WHAT YOU SHOULD DO.
Every line of the data below is to be given again as it appears, with the images removed.

MATERIAL PROVIDED.
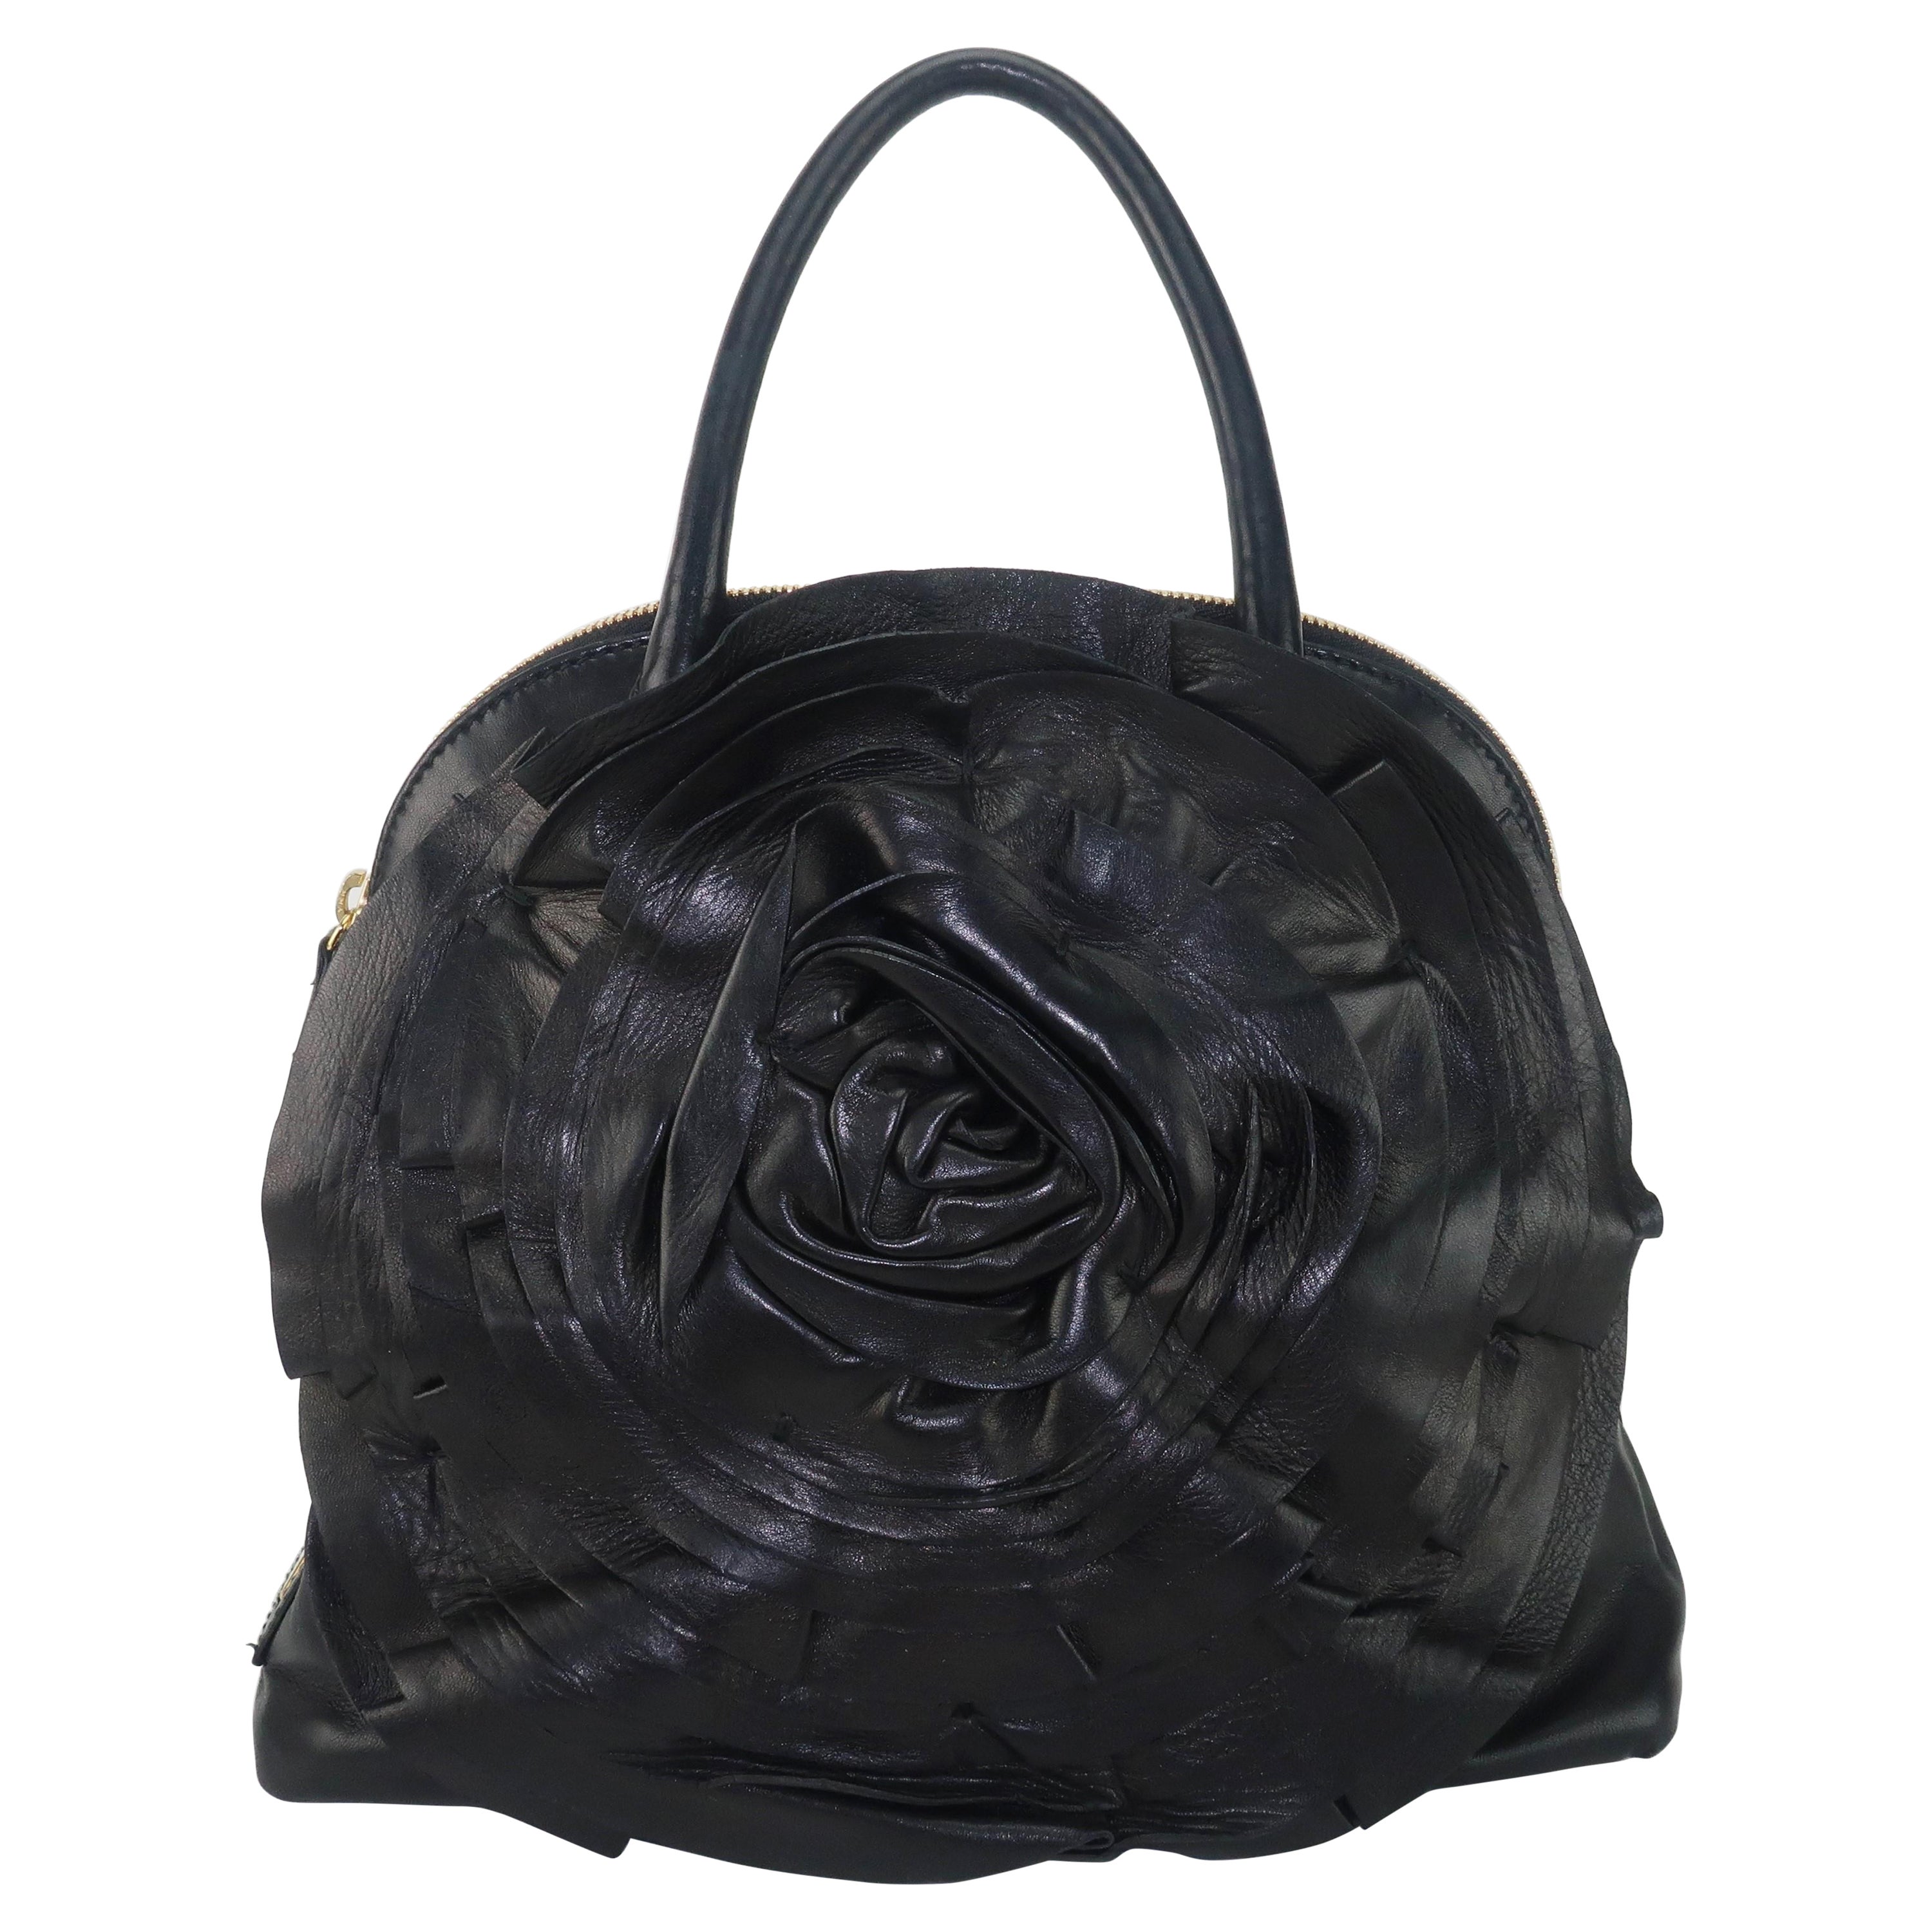 Valentino Garavani Black Leather Petale Dome Handbag
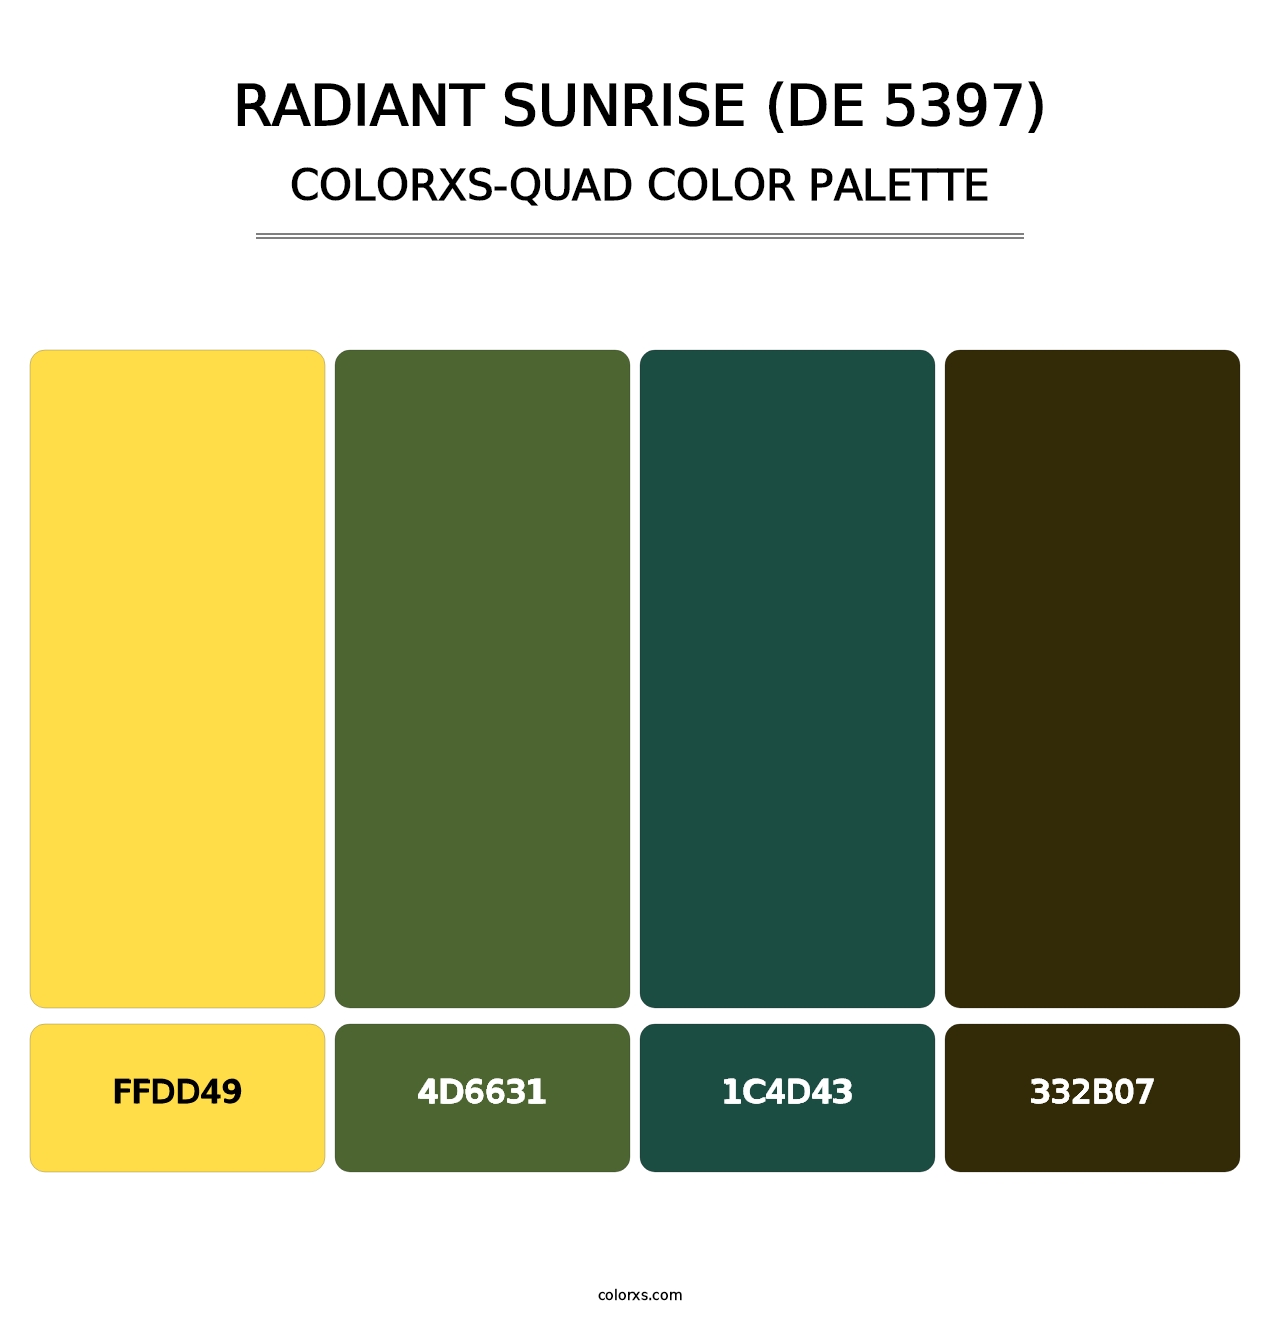 Radiant Sunrise (DE 5397) - Colorxs Quad Palette
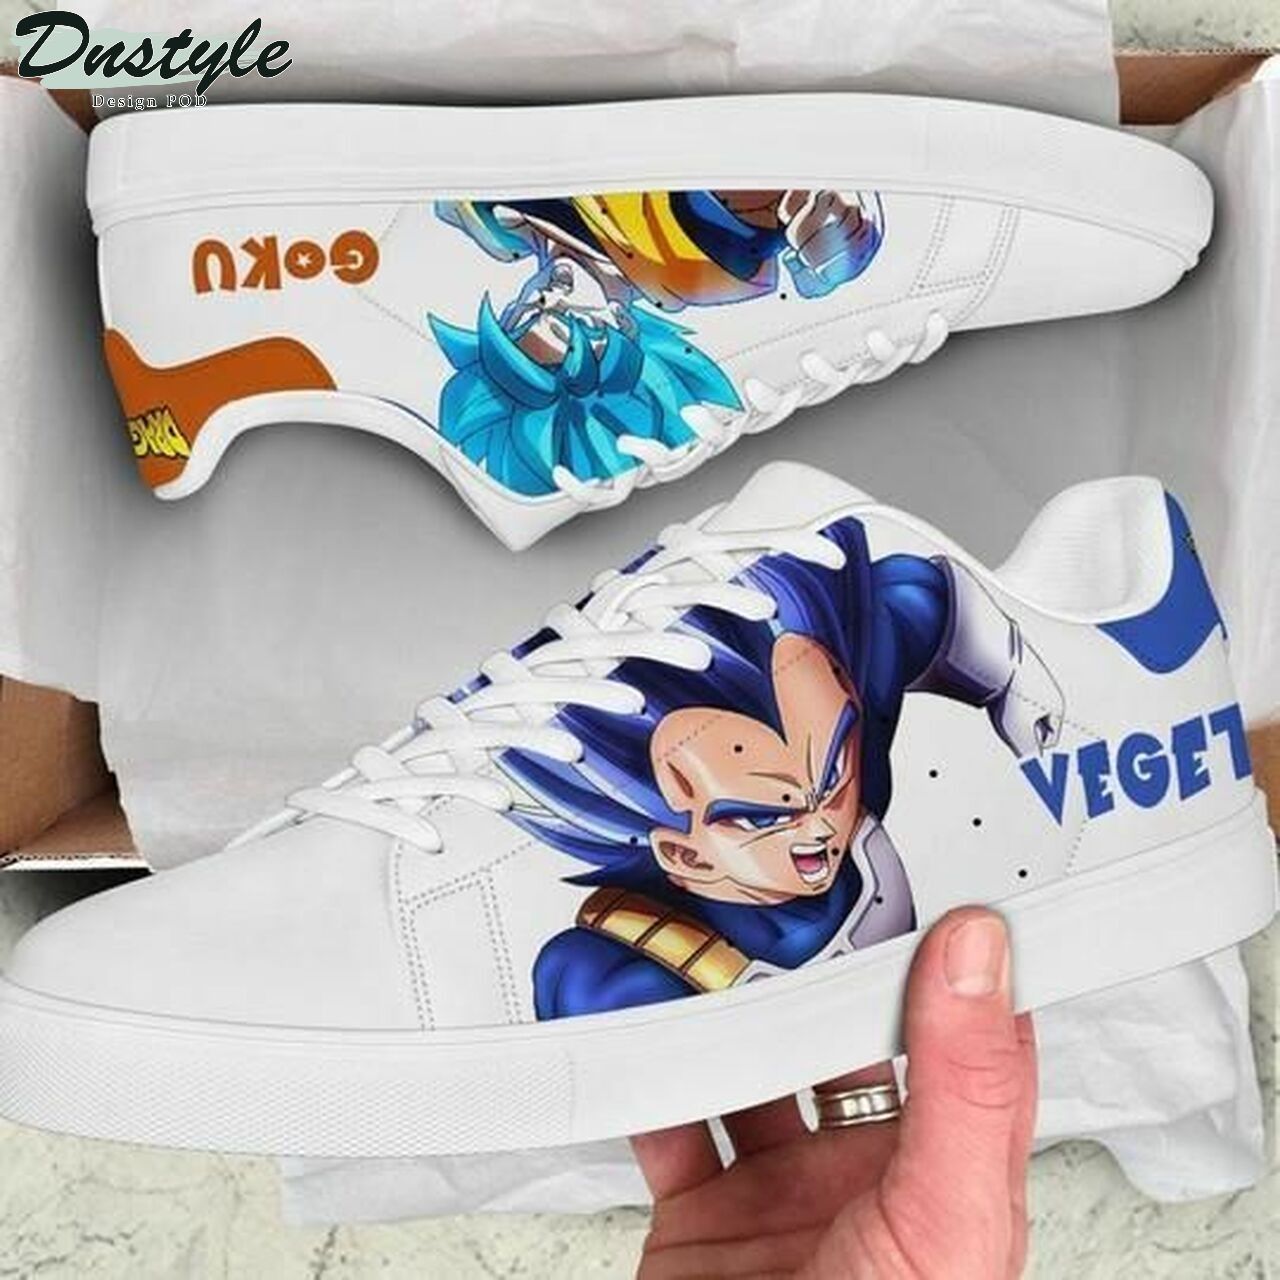 Goku and vegeta dragon ball stan smith low top skate shoes

RESPONSE.
 Valentino Garavani Black Leather Petale Dome Handbag
 Radiant Sunrise (DE 5397) - Colorxs Quad Palette
 Goku and vegeta dragon ball stan smith low top skate shoes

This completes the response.